The other night, I got up on stage at the Spotlight Live during the 2008 SearchBash in New York City party while at SES NY. It was out of character for me, I suppose, to some of my friends and associates. For those who really, really know me, it was exactly and perfectly, Kim.
I had attended the SearchBash while at SES San Jose last August with my friend of 10 years, and forums co-Admin, Bill Slawski. We had V.I.P. status because it was Cre8asiteforums’ 5th birthday and we were celebrating with our friends and supporters. It was a wild party. I loved the music.
I loved the music even more at the Google Dance party held for SES San Jose attendees. All I wanted to do was dance with all the others who were dancing their hearts out, but I didn’t. As Greg Boser teased me correctly in the bar this week at SES NY, I am one of the “old ones” from the SEO/M industry. I guess there’s a time when you have to stop dancing because god forbid, your clients should see you having fun.
The Whirling Dervish
It was painful for me to hold back at SES San Jose. In my heart, I’m still running towards stages, holding up a lighter, and screaming my lungs out for “MORE!”
You see, I came of age during the 70’s. For me, every weekend was a concert to go to. Pink Floyd. David Bowie. Eric Clapton. YES. Peter Frampton. The Grateful Dead. Neil Young. ZZ Top (I snuck off and hitched a ride to see them.) Talking Heads. I lost track of all the concerts. Tickets were relatively cheap. Every concert was an adventure and a story that today, my kids aren’t sure whether or not to believe.

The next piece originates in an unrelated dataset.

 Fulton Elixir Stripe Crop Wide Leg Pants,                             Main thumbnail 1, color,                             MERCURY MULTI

In the 80’s, I had a crew cut and was in love with punk rock. I went to a place in New Jersey called “City Gardens”, which was a gigantic building with bars, pool tables, dance floor and stages. I went there to dance all night. My favorite bands were the Dead Kennedys and Our Daughters Wedding. Years later, I would learn that Bill Slawski was there too, at the same time I was.
By the end of the 80’s, I had dated several guys from different local and NJ shore bands and had gone on the road with one band as an official “groupie”. I danced and danced. Slept in strange hotel rooms with piles of people. But all I cared about was the music and I longed for the next night when we’d be dancing again. I wore all black in those days. My hair was always long. I was slender. So, so slender! This was before kids. Before marriage. Before “settling down”.

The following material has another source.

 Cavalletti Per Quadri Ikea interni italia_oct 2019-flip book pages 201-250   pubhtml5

The last time I danced was in 1988 when I married the father of my kids. I insisted on a wedding reception with a big dance floor and fussed over the music the way most brides would fuss over their flowers.
Despite that persona of groupie dancing fanatic, I had another, quite serious side. By night, I was a dancing fool. By day, I was working for political lobbyists and county commissioners. I worked for my state’s Treasury department. I was responsible for entering all the House and Senate Bills into a database as a side job. I managed a company’s manufacturing inventory and computer system for 6 years. In other words, I had this professional life that was completely different and separate from the dancer.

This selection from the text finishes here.